Source material:
═══

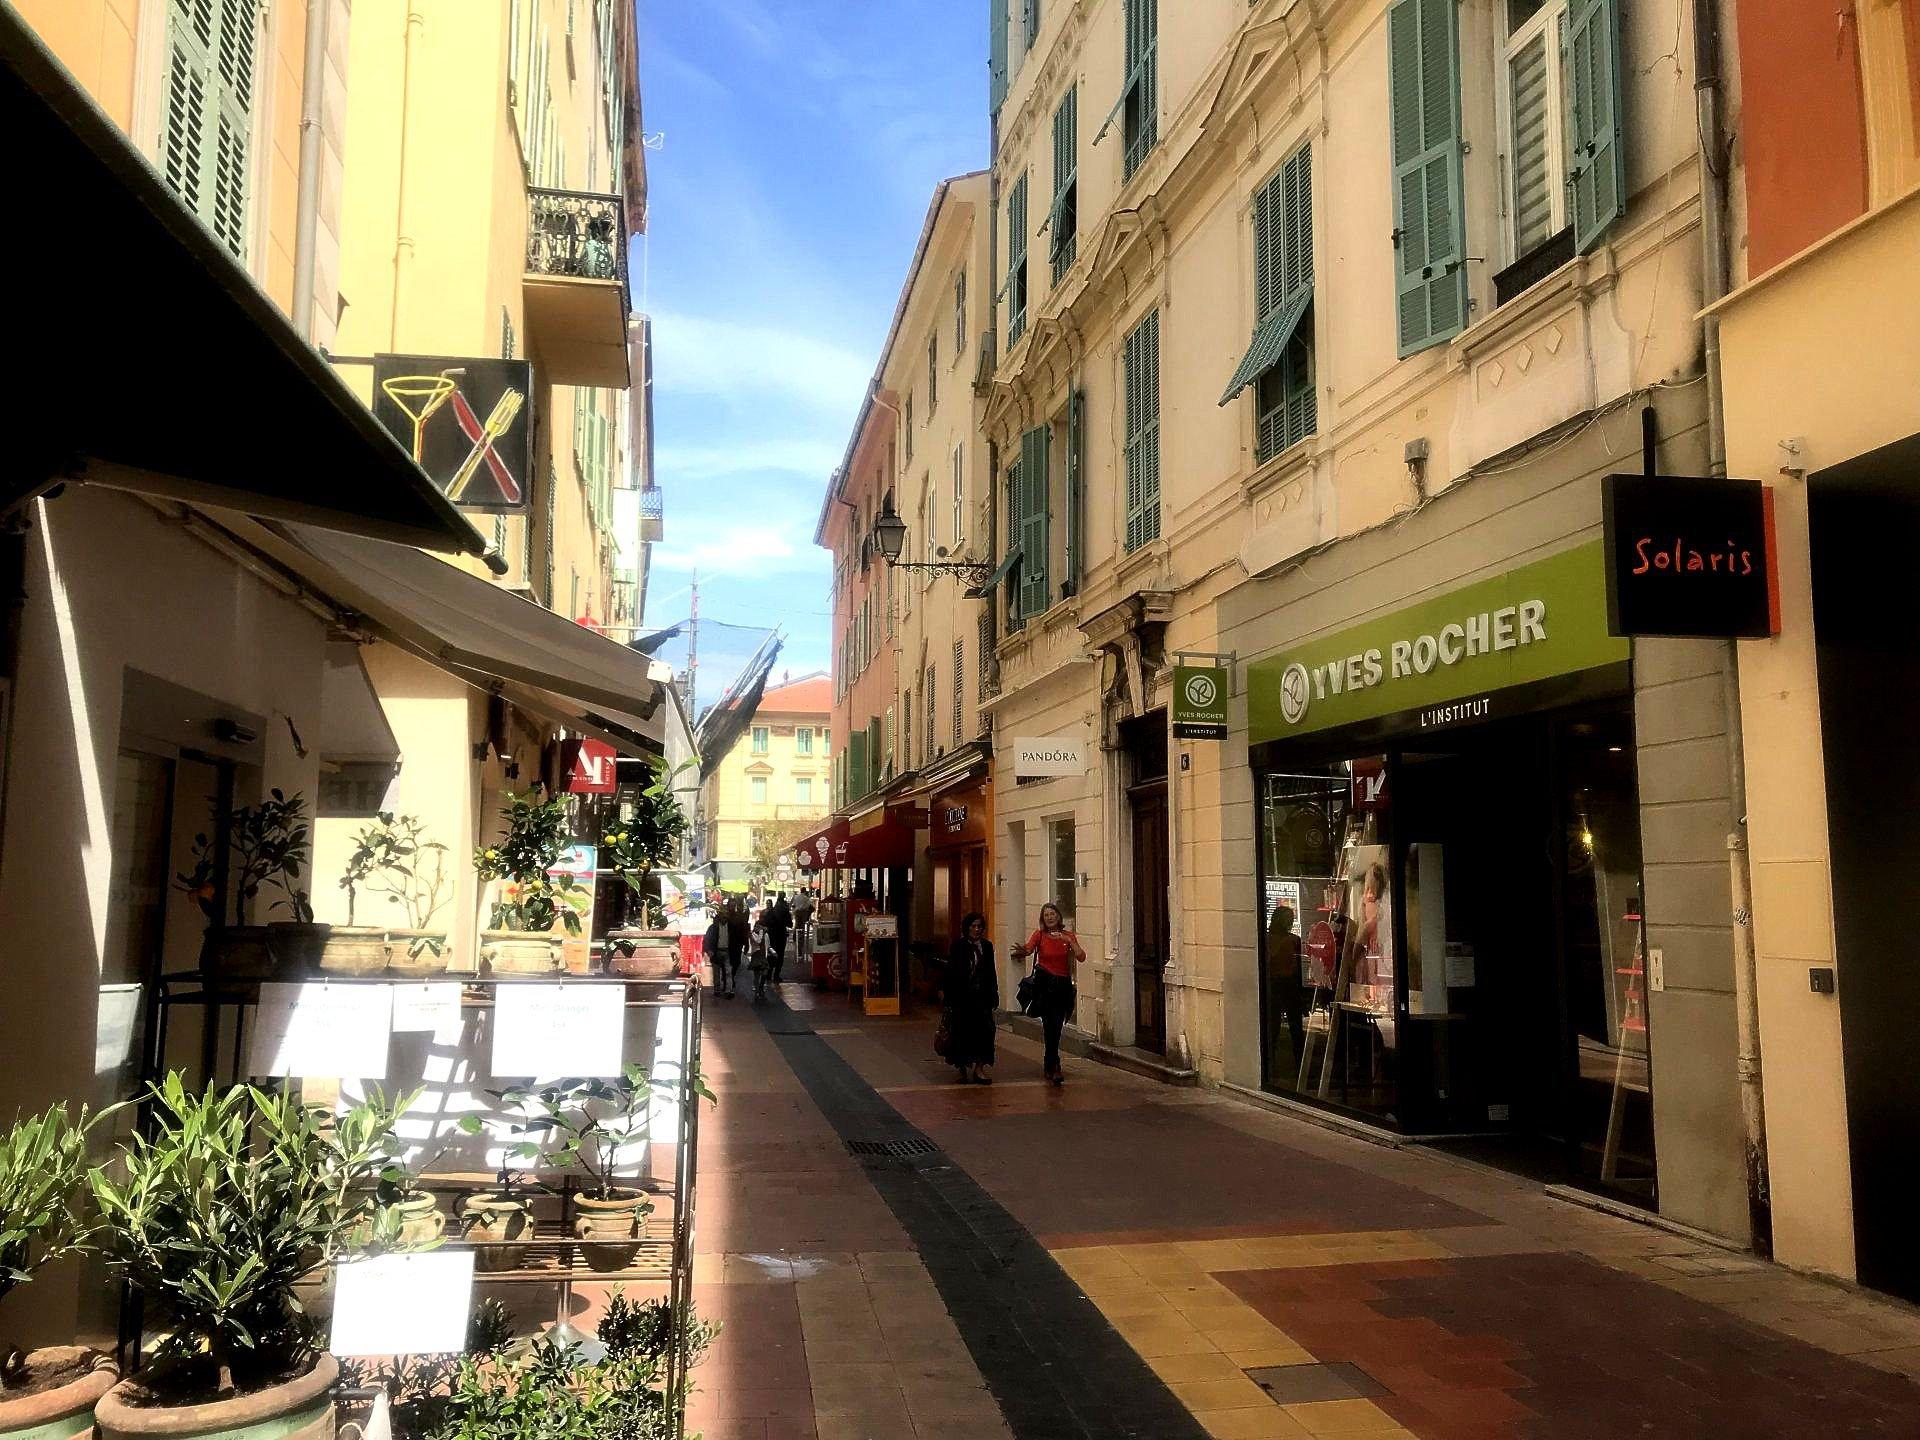 Vendita Avviamento - Mentone (Menton) Piétonne
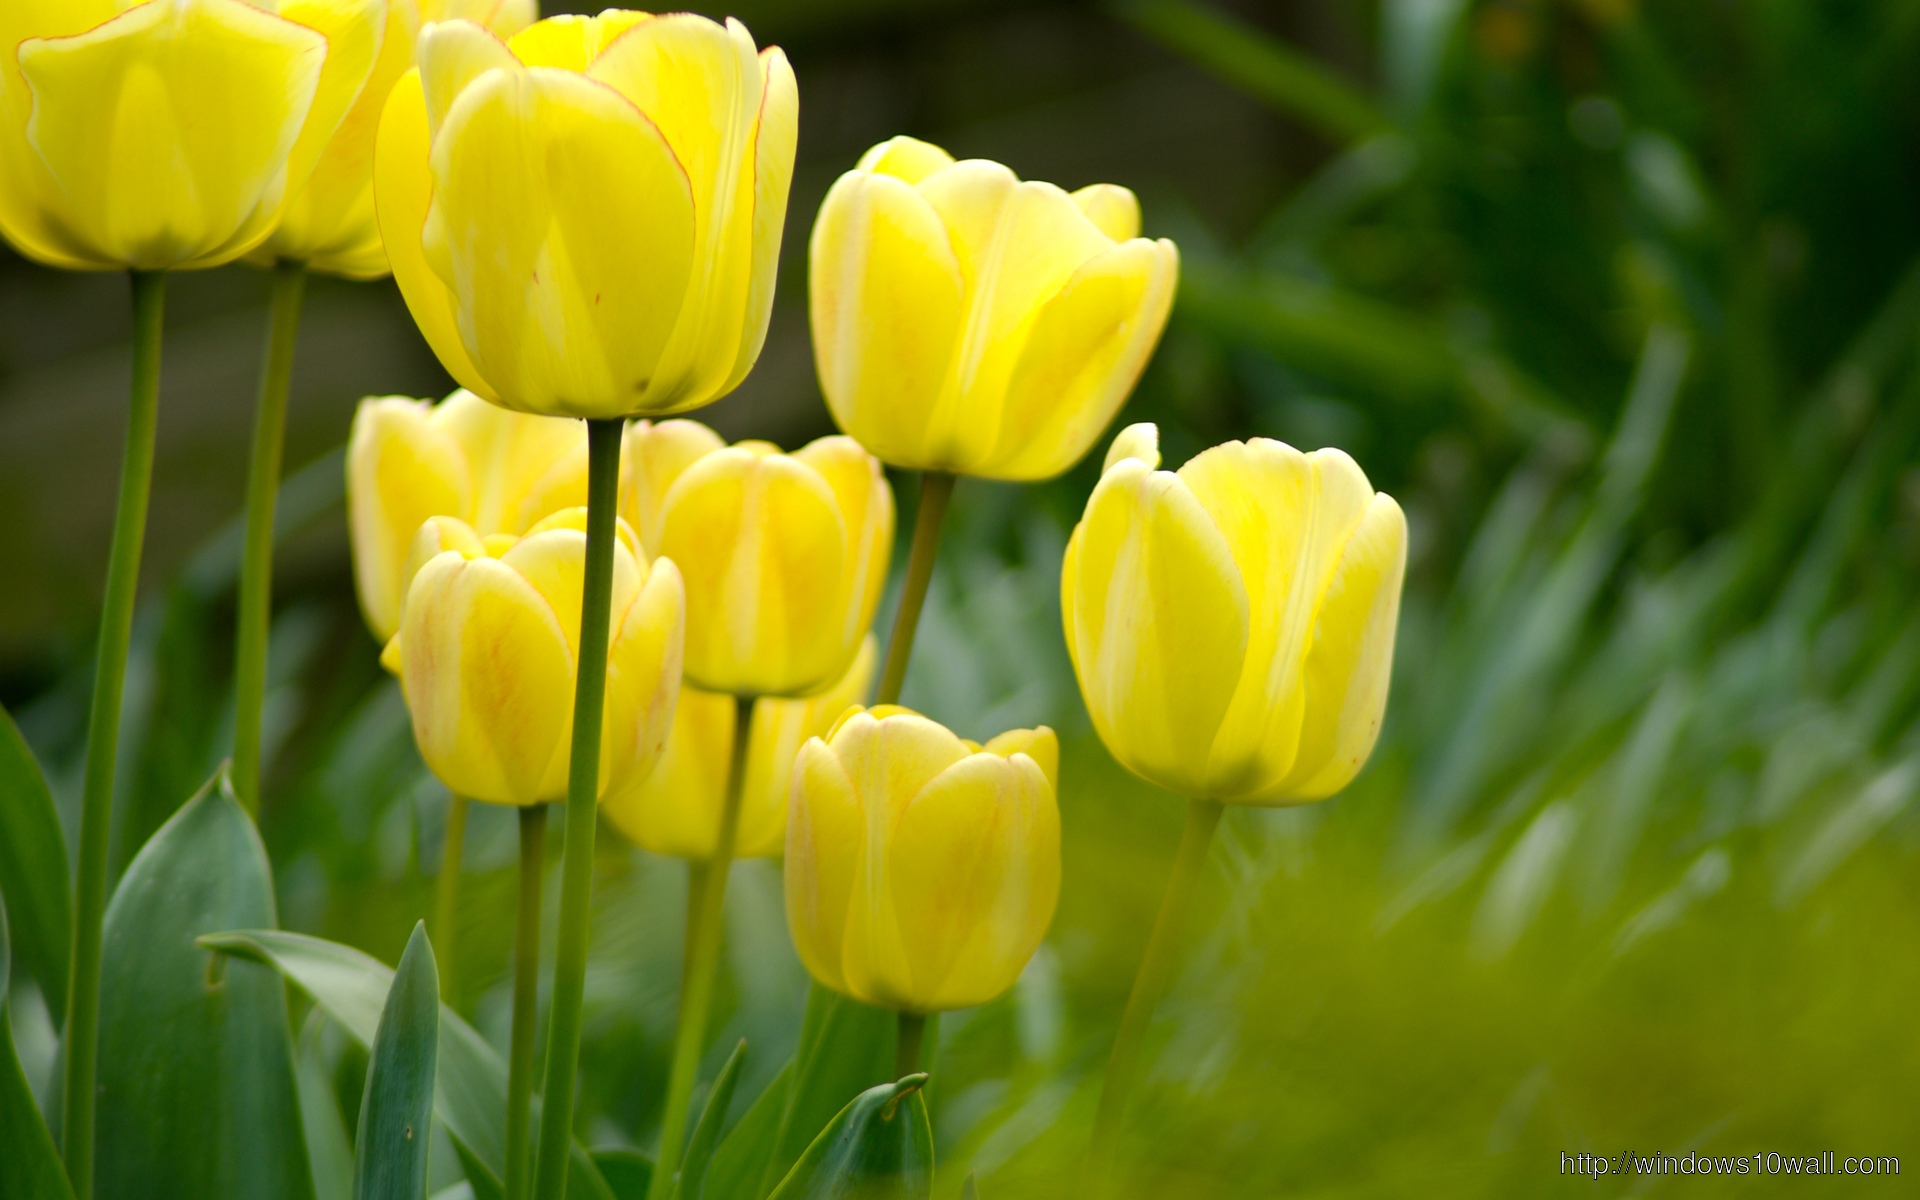 Tulip Flower Wallpaper free download - windows 10 Wallpapers
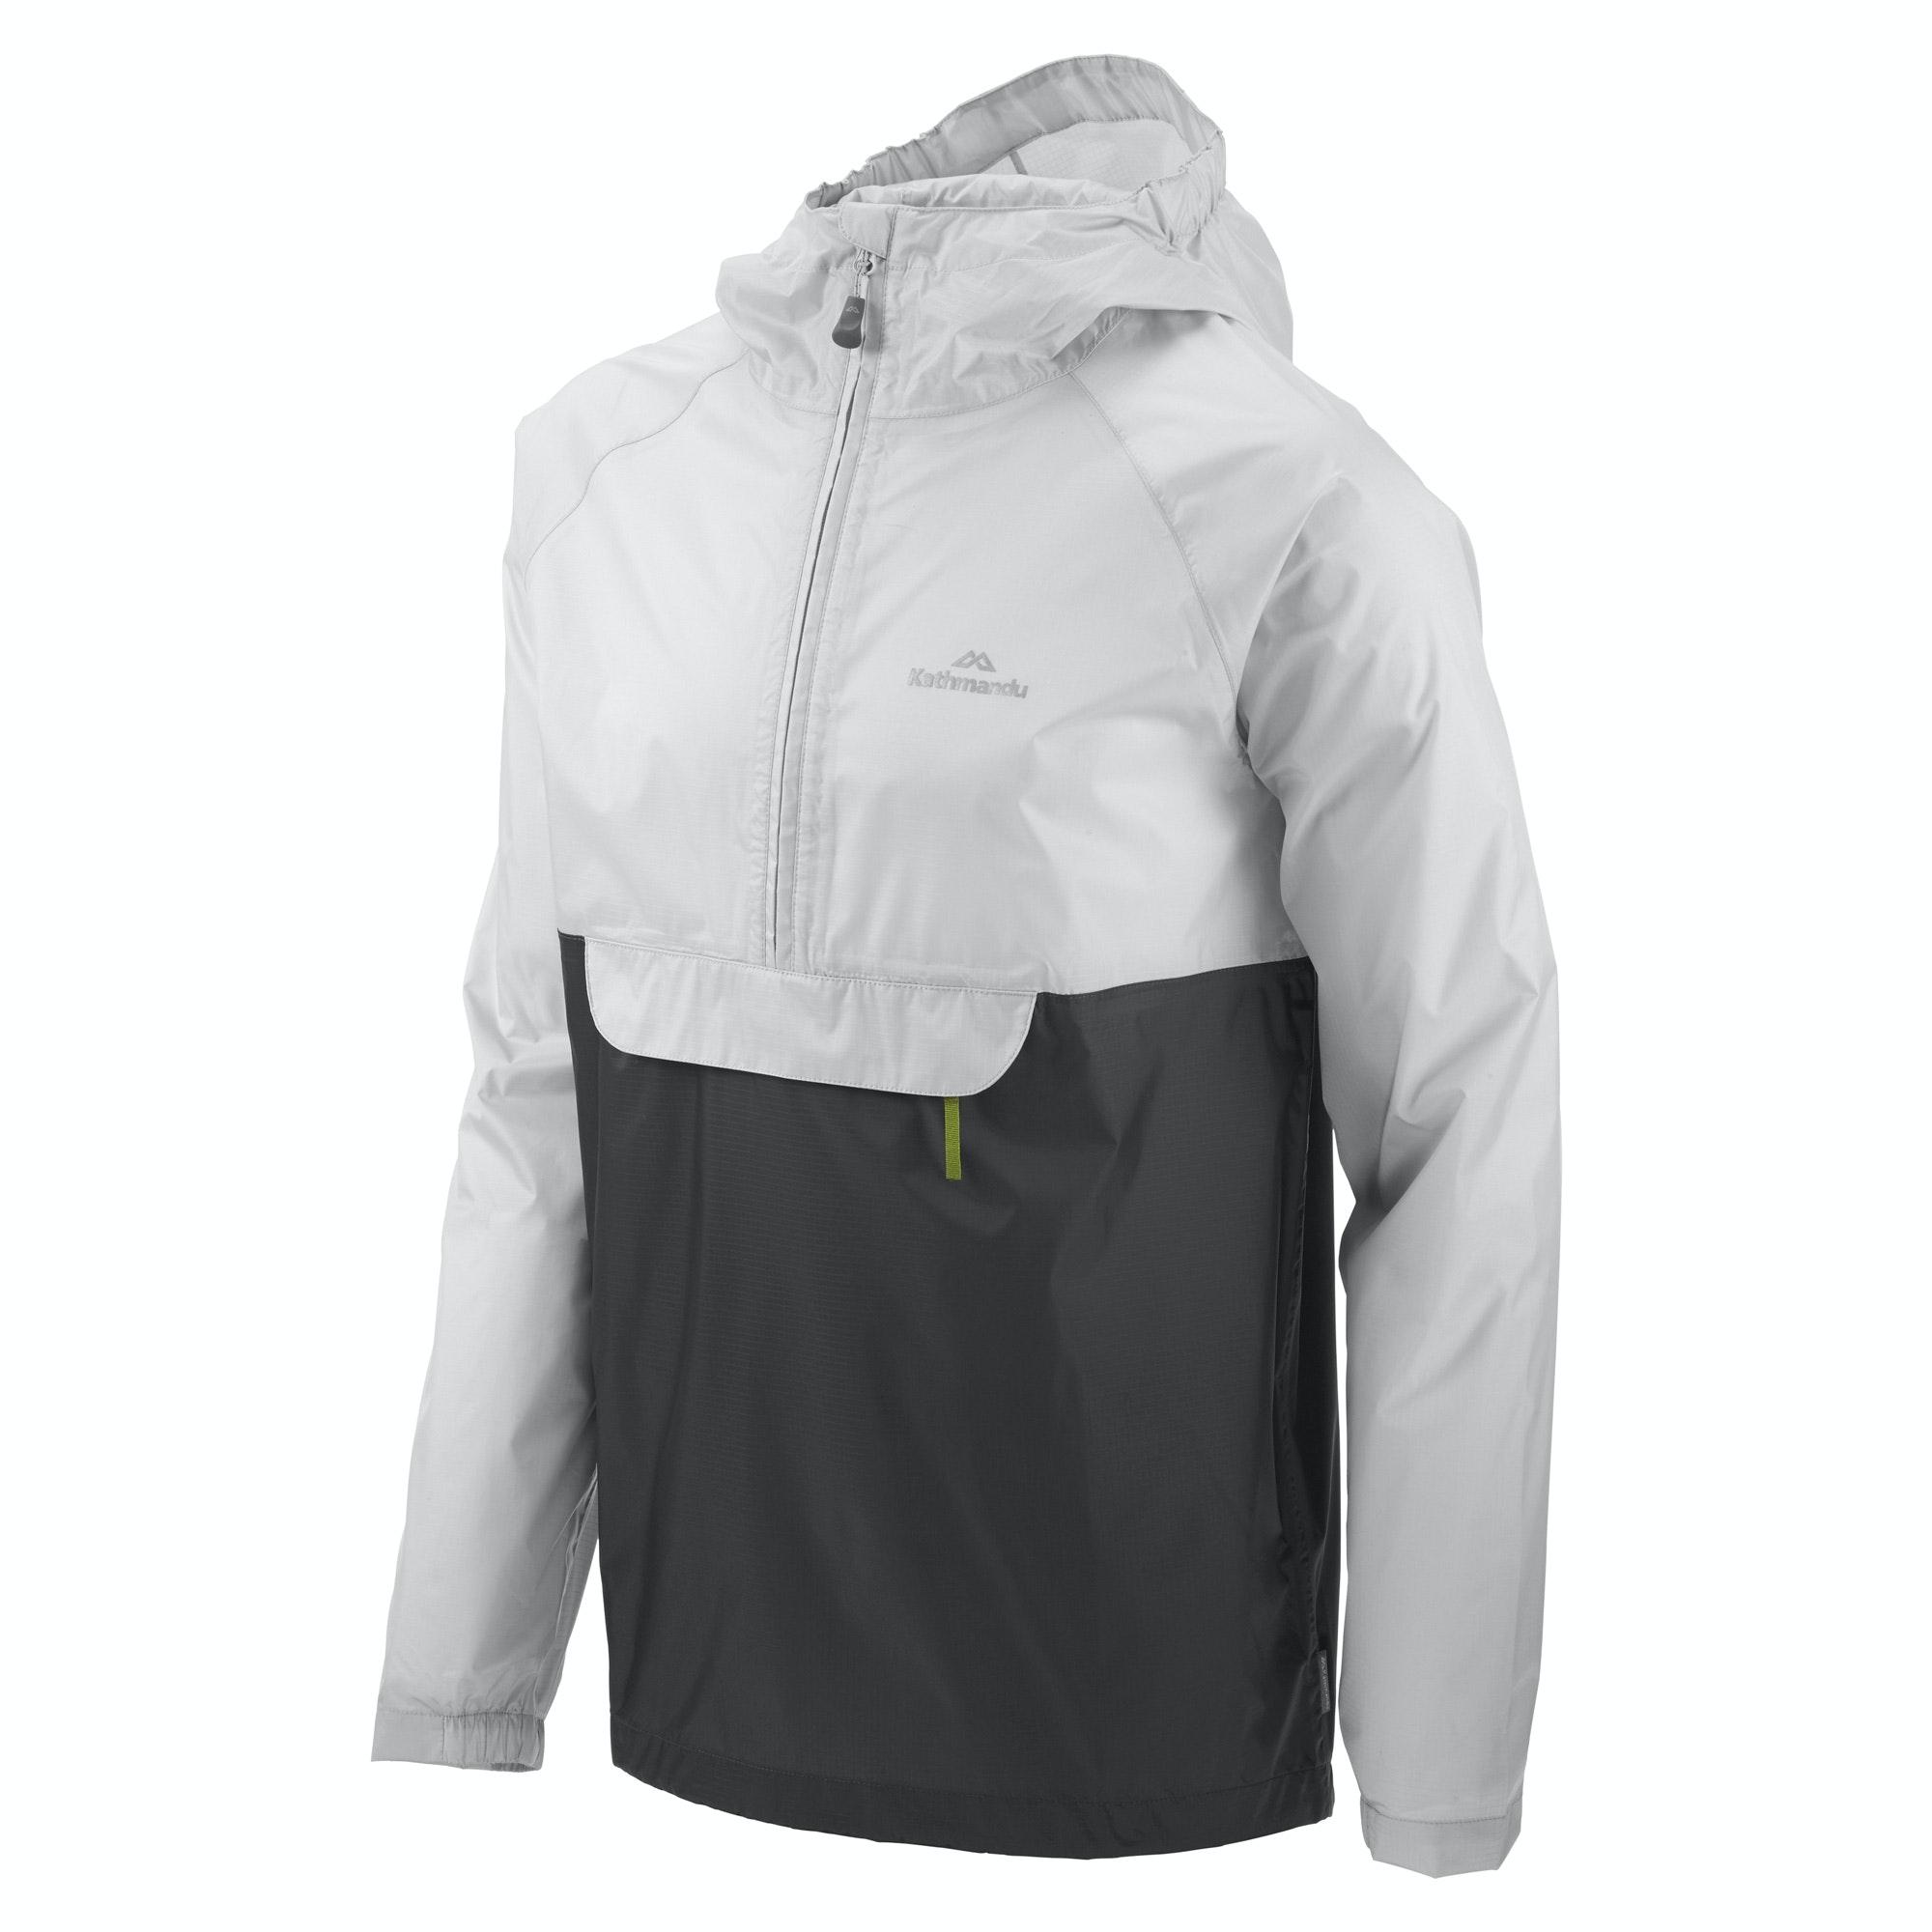 how to fold kathmandu pack and go jacket

═══

Without including a single picture, restate all of the data word for word.

 Vendita Avviamento - Mentone (Menton) Piétonne
 Tulip Flower Wallpaper free download - windows 10 Wallpapers
 how to fold kathmandu pack and go jacket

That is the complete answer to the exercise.